1. Field of the Invention

The present invention relates, generally, to automatic portion control systems, including apparatus and methods. More particularly, the invention relates to apparatus and methods for providing automatic portion control using strain gauge technology.

2. Background Information

Automatic portion control problems include: (1) determining the volume of a substance that should be automatically dispensed into a container that already contains an undetermined volume of another substance, and (2) providing automatic portion control using dispensing equipment that has a varying flow rate.

The state of the art includes various apparatus and methods for providing automatic portion control. Where, for example, beverages are automatically dispensed into containers or cups that have a varying amount of pre-dispensed ice, ice cream, cream, or other substance, or are dispensed at an inconsistent rate due to varying line pressures, the beverages are dispensed using timed portion control or overflow conductivity methods.

Ultrasonic technology has been used to automatically control portion, wherein the level of a substance is determined by transmitting a signal downward into a receptacle and then receiving the reflected signal off of the surface of the substance.

External conductive probes also have been used to automatically control portion. The probes are positioned to detect when a container has filled or overfilled. The dispenser is deactivated when the overfill from the container forms a conductive path.

Time-based portion control technology dispenses a substance into a container for a pre-programmed sequence of one or more fill times for a given container size. A sequence may be programmed, for example, by recording the time on, time off, time on, etc. during a manual fill cycle.

These known apparatus and methods are believed to have significant limitations and shortcomings. Specifically, they may be inaccurate, waste product, cause a mess, and/or pose a contamination hazard.

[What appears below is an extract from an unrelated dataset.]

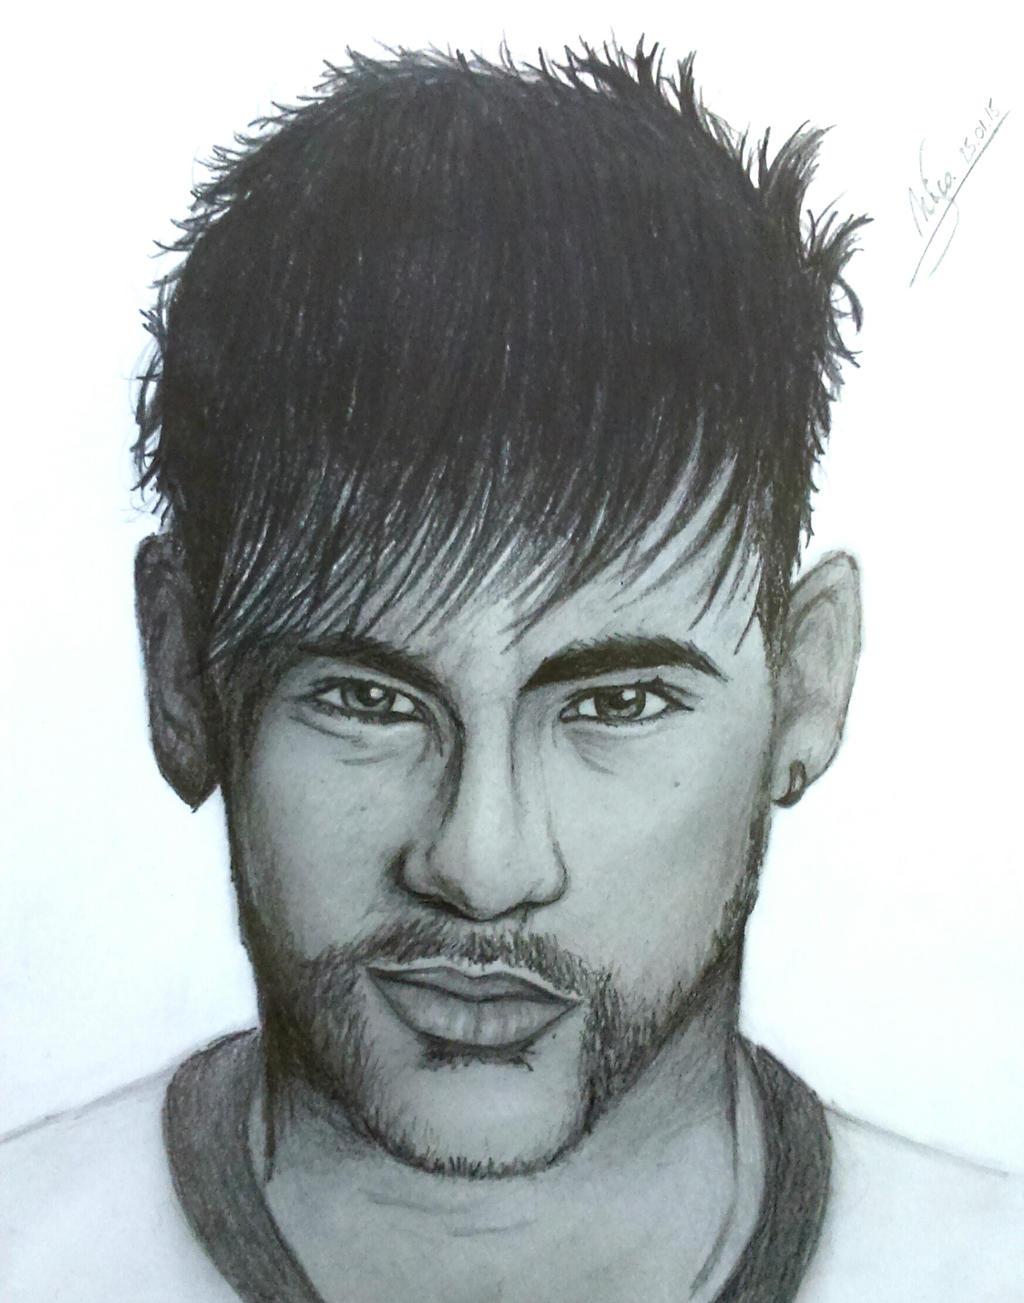 Neymar JR By Nicoo1995 On DeviantArt
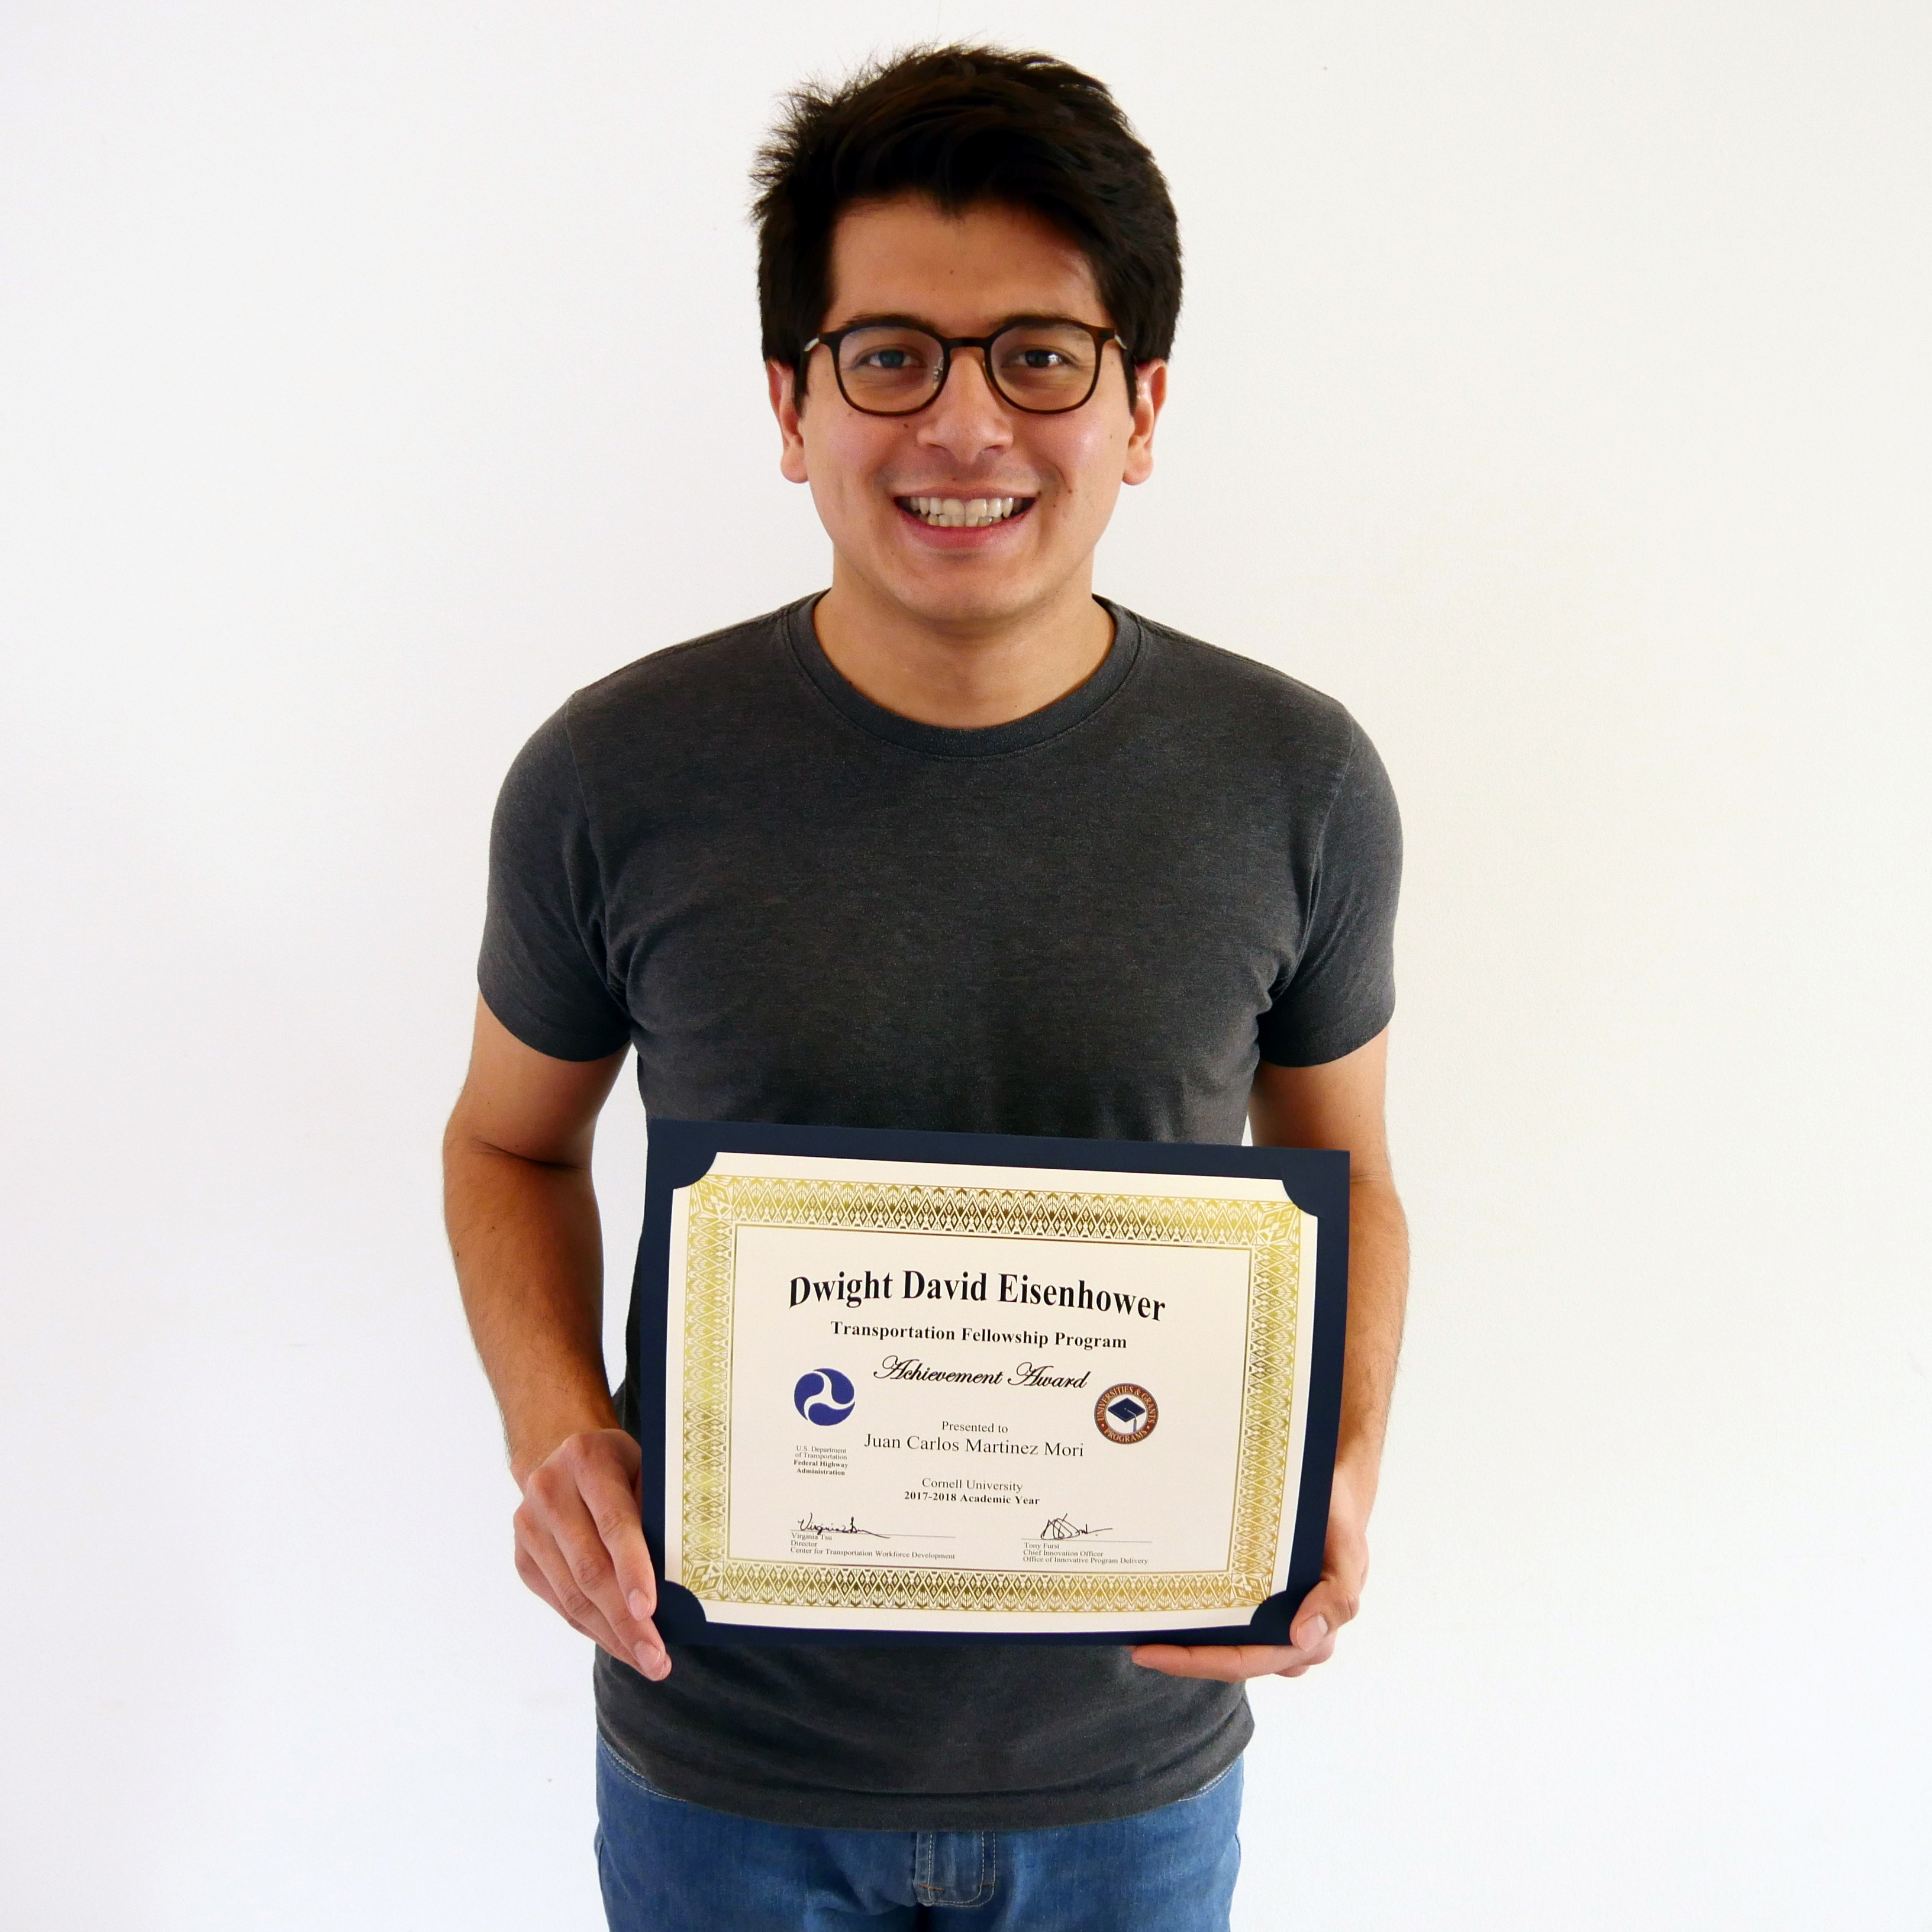 Juan Carlos Martínez Mori holds his DDETFP Award certificate

The present invention provides an apparatus and method for providing automatic portion control which is believed to constitute an improvement over the known art. The present invention allows for more accurate automatic portion control regardless of the amount of substance that has already been placed into the container, provides accurate automatic portion control at varying flow rates, and provides accurate fill capacity without requiring an overflow to deactivate dispensing. Other advantages include the elimination of a path for product contamination, the minimization of product scrap, and the minimization of fill inaccuracies and messes that cause customer complaints.

BRIEF SUMMARY OF THE INVENTION

The present invention provides an apparatus and method for providing automatic portion control using strain gauge technology which provides a means to measure and control the portion of a dispensed product by measuring weight. Electronic circuitry deactivates the dispensing process upon reaching a desired weight. Using strain gauge technology allows multiple substances to be dispensed in an accurate, combined total portion without having to accurately measure the previous portions. For example, the present invention allows liquid to be accurately dispensed into a cup or pitcher that already has ice, regardless of the amount of ice that has already been placed into the container. It also provides accurate automatic portion control at varying flow rates and accurate fill capacity without having to overflow to deactivate dispensing.

The automatic portion control system generally comprises a dispensing mechanism adapted for dispensing a first substance into a container, a scale adapted for weighing the container, and control circuitry adapted for reading a container weight from the scale and controlling the dispensing mechanism accordingly. The scale preferably includes at least one strain gauge load cell. The control circuitry preferably includes a strain gauge amplifier portion and an A/D converter portion adapted for converting a voltage differential caused by a deflection of the strain gauge load cell into usable digital data. This A/D converter may be included as one of the features of a microcontroller unit or implemented as a stand-alone integrated circuit, which is integrated with the microcontroller. The control circuitry also includes a microprocessor adapted for reading a container weight from the scale and controlling the dispensing mechanism accordingly. A variety of controls may be used to operate and program the microprocessor. The weight detected by the microprocessor may be “zeroed” through a tare control, and multiple fill weights and foam delay times, or fill sequence, for a variety of containers may be pre-programmed. Additionally, the automatic portion control system may be used with small, medium, large, etc. selection switches, used with an auto-dispensing apparatus and method for dispensing a substance upon detecting a container weight to indicate the container's presence. The present invention may also be used with the “Apparatus and Method for Detecting An Object Using Digitally Encoded Optical Data,” described in U.S. Pat. No. 5,902,998 and U.S. patent application Ser. No. 09/289,902 and herein incorporated by reference as Exhibit A and B, to detect the presence of a container and the container size and to initiate dispensing.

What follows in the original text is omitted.